When gunshots rip apart the fabric of a workplace, no headline, radio bulletin or cable news clip can adequately capture the life-altering experience of someone “going postal.”
Kathleen McComber knows.
She lived through it. And although never in immediate danger, her work in the aftermath of the 2000 shootings at the Edgewater Technology Co. in suburban Boston is guiding companies throughout the United States to better prepare for the ultimate workplace violence incident.
The day after Christmas 2000, McComber’s planned week of vacation was shattered by a call suggesting she tune in to CNN. “I think it’s your company they’re talking about,” her father said. She did, and it was.
Michael McDermott, a longtime Edgewater employee, had shot and killed seven co-workers that morning, then calmly waited in the reception area to be captured by police. Staring at her home television, McComber wondered, “What am I going to do?”
What would you do?
As corporate human resources director for Edgewater, based in Fayetteville, Ark., McComber had to act fast – very fast.
Top managers told her they wanted her in Boston now. But she wasn’t going anywhere soon. She was housebound, and the airports in Little Rock and nearby Fayetteville that Monday were closed due to a severe snow and ice storm that struck Christmas Eve.
“He’s killed seven of our employees,” her boss told her by telephone, “and we need a plan.”
The company had a disaster plan all right. But it was geared to potential local disruptions – tornadoes, hurricanes, floods or fire. A shooting had never crossed anyone’s mind, whether in Arkansas or the company’s other locations, like Wakefield. Besides, it was locked up in a safe at work.

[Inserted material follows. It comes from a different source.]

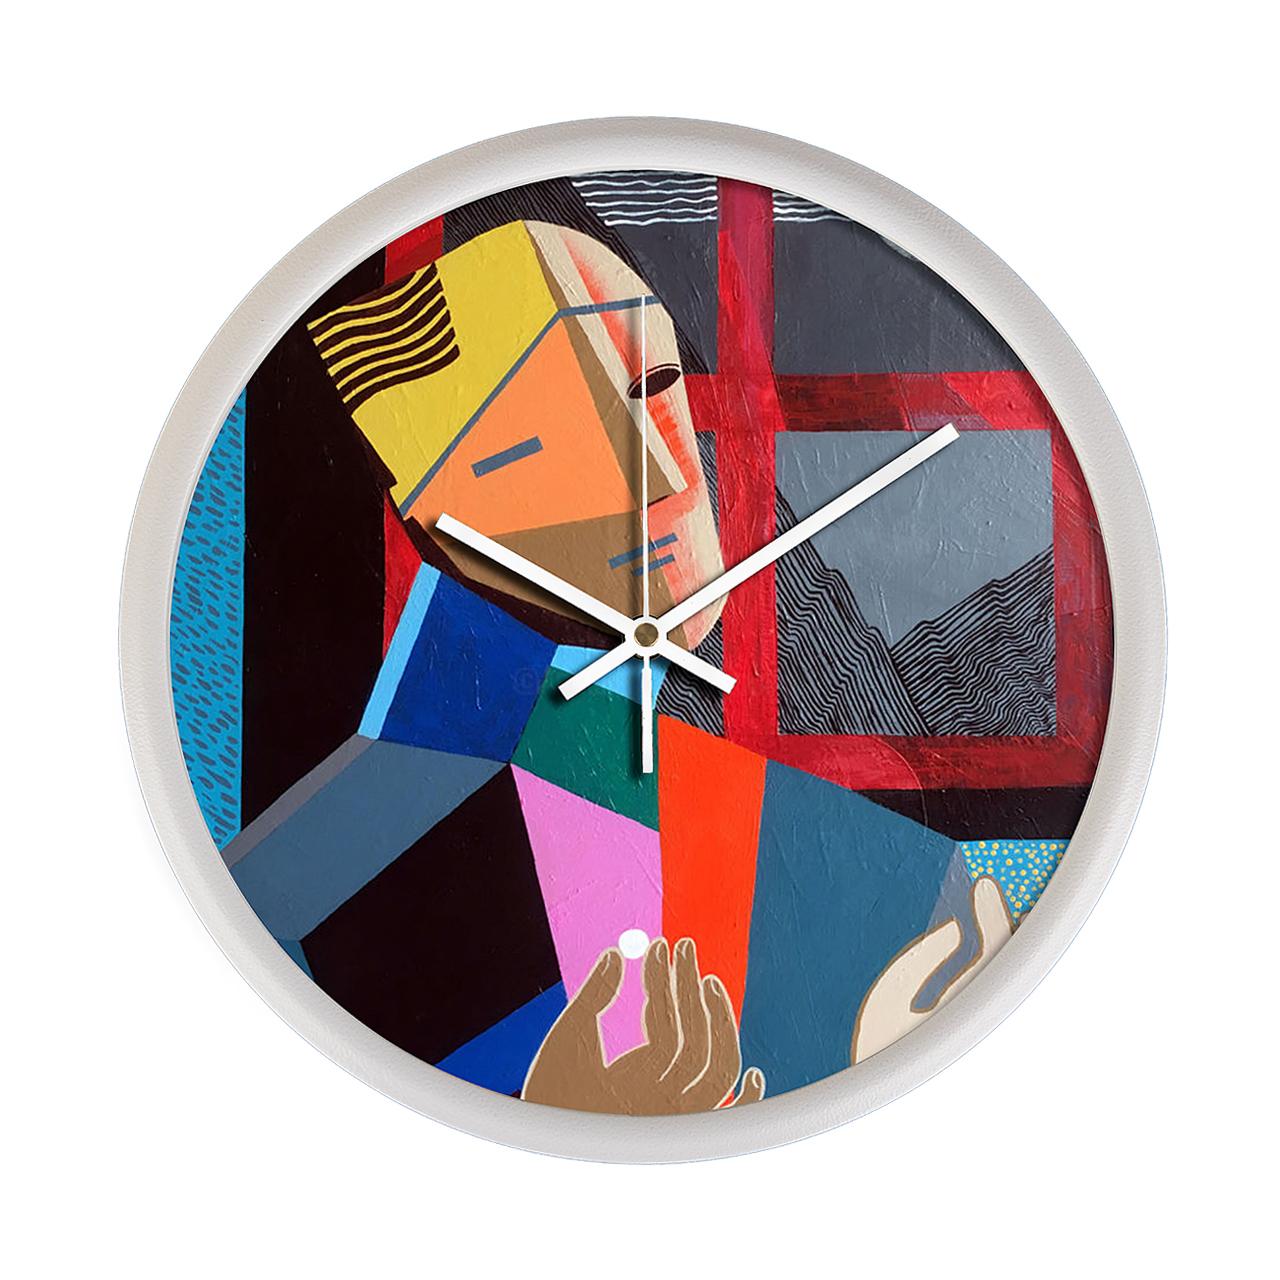 ساعت دیواری مینی مال لاکچری مدل 35Dio3_0503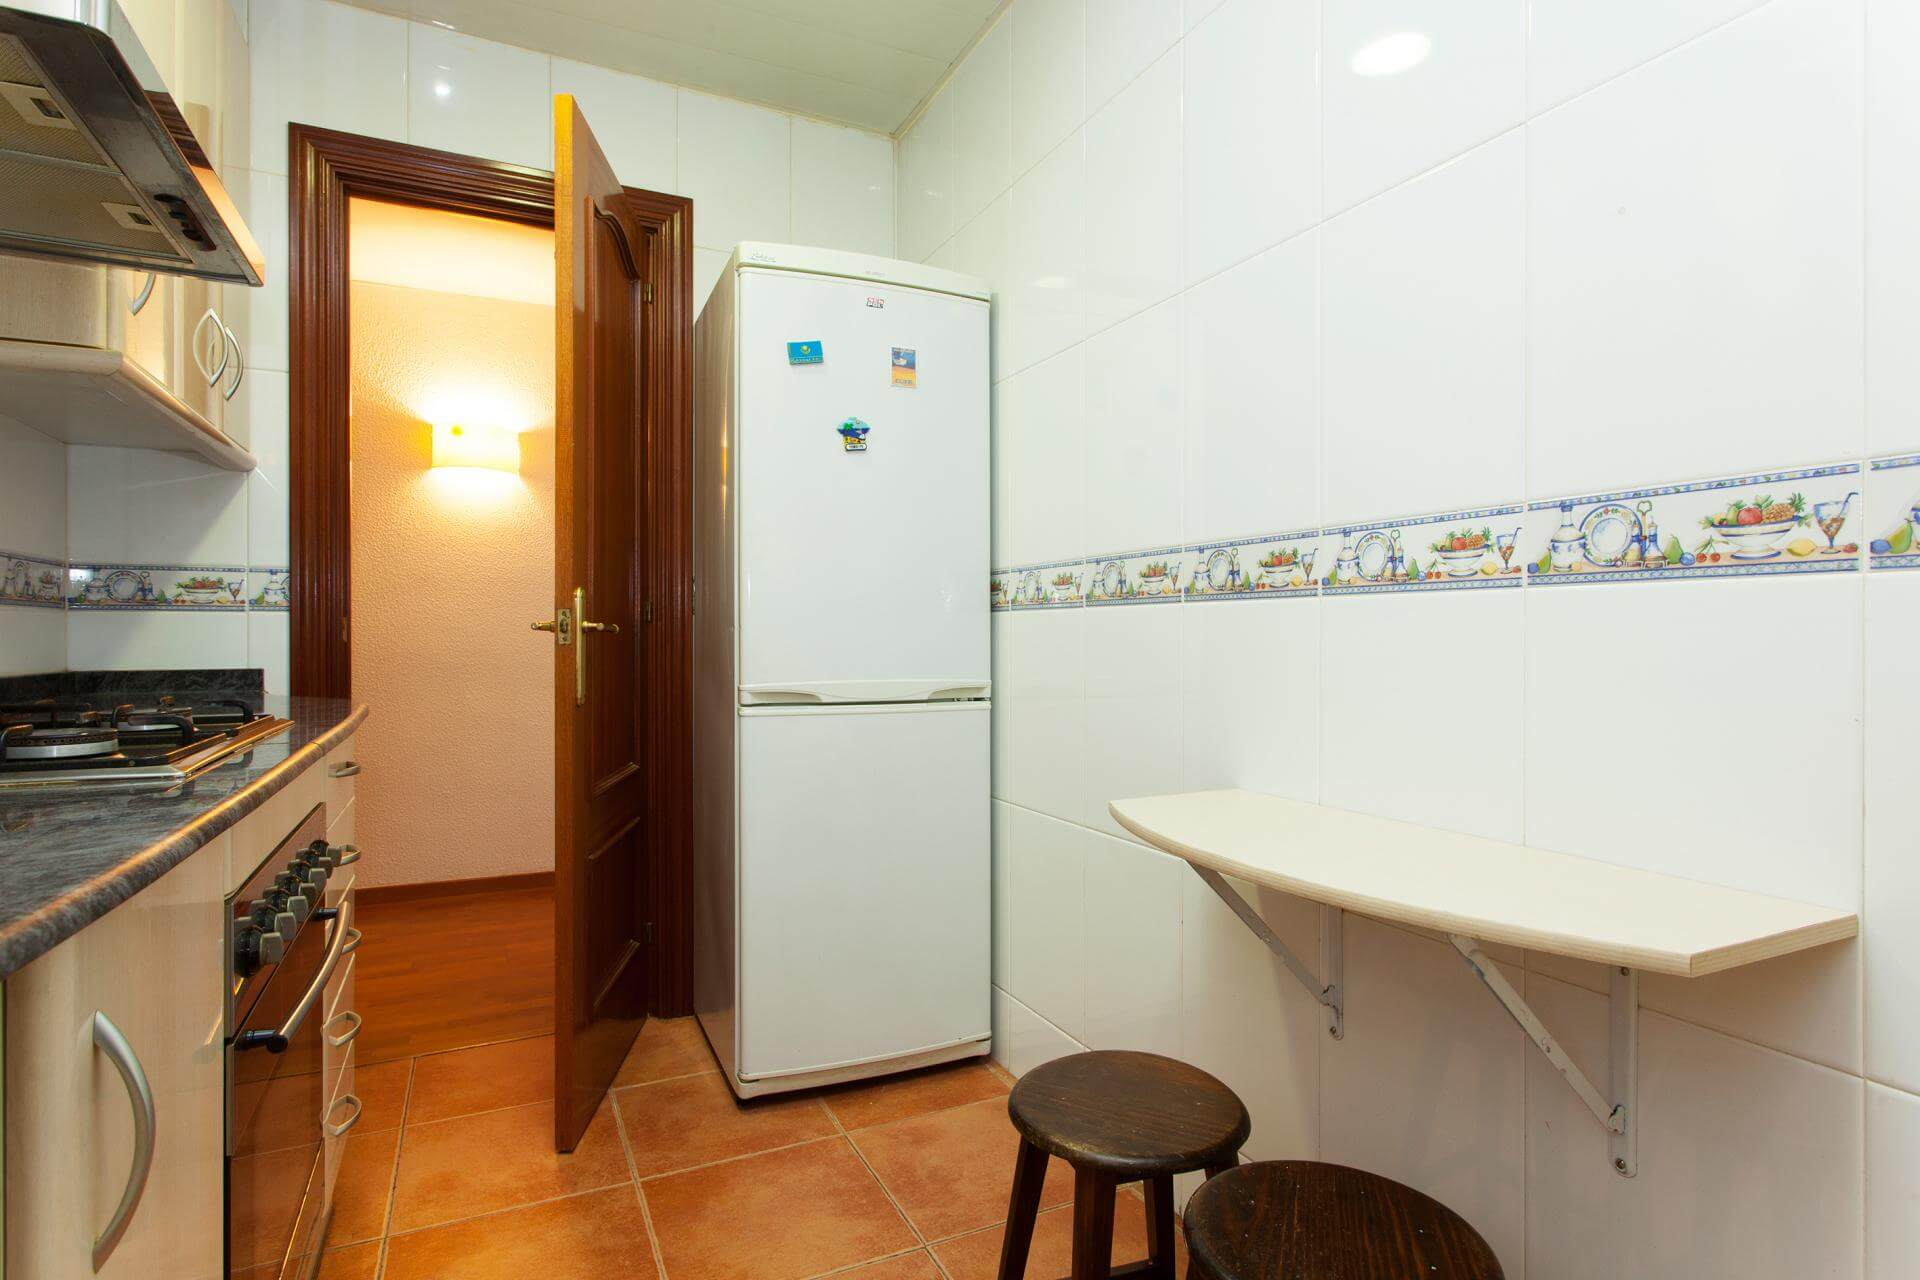 shbarcelona appartement meubl en location longue dur e. Black Bedroom Furniture Sets. Home Design Ideas

McComber began working the phone and the Internet. Through professional contacts and colleagues, she was led to such organizations as the Institute for Crisis Management, which handles crisis media relations and the Employee Assistance Program Association, which gathers a cadre of specially trained counselors for companies facing such disasters. Corporate neighbor Wal-Mart offered the services of a human resource crisis management company.
Confident, she called her bosses that night with her plan. Get Cheryl Troy, the HR director at Wakefield, on the phone and, “I’ll talk her through what to do,” she said. “Are you sitting down?” they asked. Troy was the first of the seven killed. “We don’t have her anymore; you’re it.”
The shootings suddenly became chillingly personal to McComber.
While top executives, legal and risk managers began contacting victims’ families, the media and counseling specialists converged on Wakefield, where McComber joined them the next evening.
First, they reviewed. A week prior to the shooting, McDermott was told by Troy that the IRS was garnishing his wages to pay back taxes. He reacted angrily, imploring her “to do something.” He asked the same of the accounting department. When told the company had no choice but to comply, he wailed, “I’ll never get a way from them (the IRS).”
Two hours after starting work, Troy noticed McDermott walking toward her near the reception desk. “Hey, Mukko (his nickname), what are you doing here today (the day after Christmas)?”
“I’m here to take care of HR and accounting,” he said, pulliing an AK-47 from a gym bag and shooting her and the receptionist, then walking down the hall to accounting, where he executed five employees hiding under their desks.
With McComber pitching in though still snowbound in Little Rock, they hired a crisis team of HR, media and counseling specialists who called the surviving 150 employees Monday night. They also established a telephone hot line to deliver updated crisis information. A rented Boston office was commandeered to serve as a crisis center. Back in Fayetteville, the corporate crisis team and on-site team debriefed each other every night of the crisis.
Employee counseling began Thursday morning. They were divided into groups as to their point of reference – the 100 employees who were not present during the shooting (having separate guilt issues), those who fled the building and those who did not.
Other important aftermath decisions that proved correct included assigning a top executive to communicate with each surviving family, hiring a company specializing in cleaning up the office before employees returned to work the Tuesday following New Year’s Day, and, in addition to employees attending the seven funerals, holding a company-only memorial service on site for their fallen colleagues.
The biggest lesson learned by McComber: Have a company disaster plan that addresses violence and its aftermath within reach, ready to implement.
“I never thought this would happen,” McComber told her human resources colleagues at a business conference. “It could happen to you tomorrow.”